Figure 2. Schematic diagram of the open buccal defect model; 4.5 mm of the implant was installed inside the reduced alveolar ridge up to the reference notch, to form 2.5 mm supra-alveolar, peri-implant defects.
Figure 2. Schematic diagram of the open buccal defect model; 4.5 mm of the implant was installed inside the reduced alveolar ridge up to the reference notch, to form 2.5 mm supra-alveolar, peri-implant defects.
Polymers 07 01500 g002
Figure 3. Operation procedures (a) The alveolar ridge was adjusted by approximately 1.5 mm to form a flat ridge. Buccal open defects of 2.5 mm in depth were created. Implants were placed into the edentulous mandibular alveolar ridge; (b) Bone grafting material was used to fill the defects. The membrane was added to cover the buccal open defects.
Figure 3. Operation procedures (a) The alveolar ridge was adjusted by approximately 1.5 mm to form a flat ridge. Buccal open defects of 2.5 mm in depth were created.

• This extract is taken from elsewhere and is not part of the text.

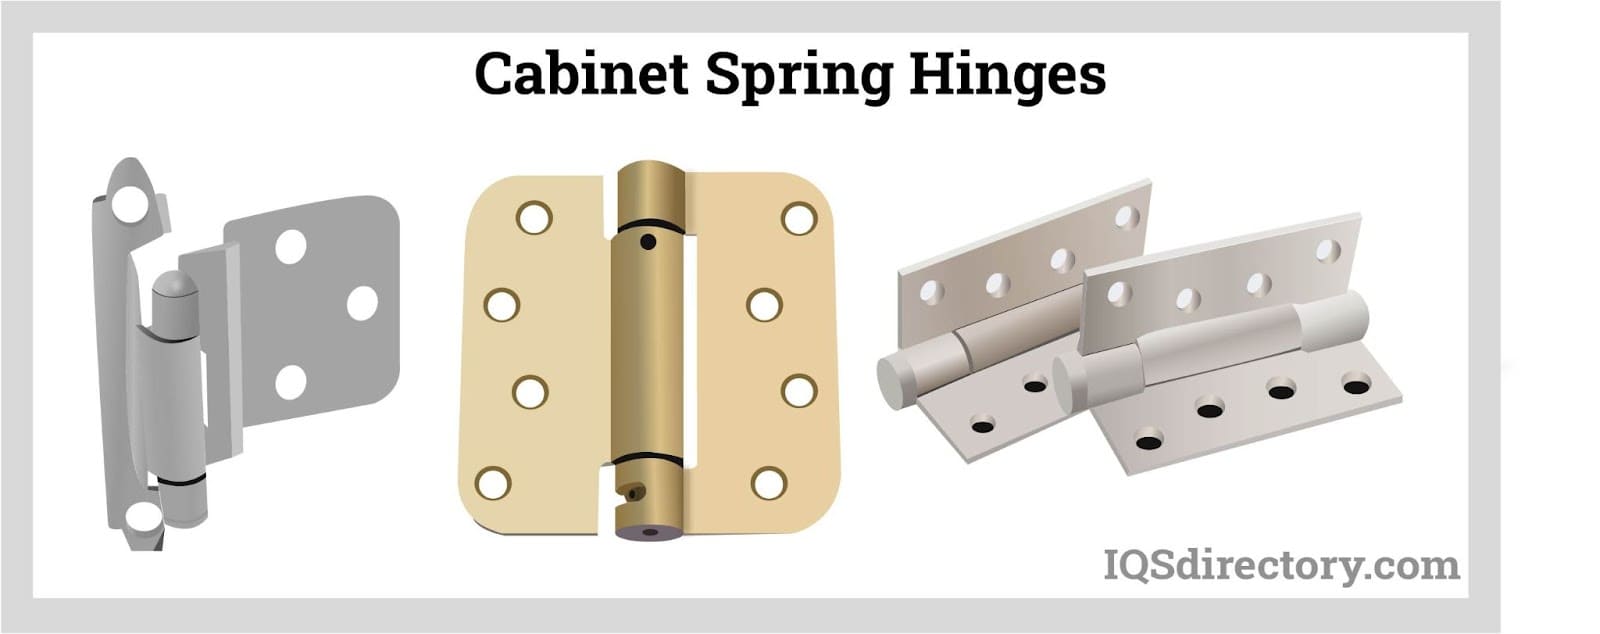 Cabinet Spring Hinges

Implants were placed into the edentulous mandibular alveolar ridge; (b) Bone grafting material was used to fill the defects. The membrane was added to cover the buccal open defects.
Polymers 07 01500 g003

2.5.4. Post-Operative Care and Sacrifice

Antibiotics, penicillin G procaine, and penicillin G benzathine (1 mL/5 kg) were administered intramuscularly immediately after surgery and again at 48 h postoperatively. Daily flushing of the oral cavity with 2% chlorohexidine gluconate was performed for plague control until study completion. Sites of interest were monitored daily to check for maintenance of suture line closure, edema, mucosal health, and evidence of tissue infection or necrosis until sutures were removed (suture materials were discarded a week after implant placement). The animals were fed a soft food diet for two weeks after surgery, followed by a regular diet, and were sacrificed at eight weeks after surgery by intravenous concentrated sodium pentobarbital injection (Euthasol, Delmarva Laboratories Inc., Midlothian, VA, USA). Block sections, including surrounding mucosa, implants, alveolar bone, and membrane, were then obtained.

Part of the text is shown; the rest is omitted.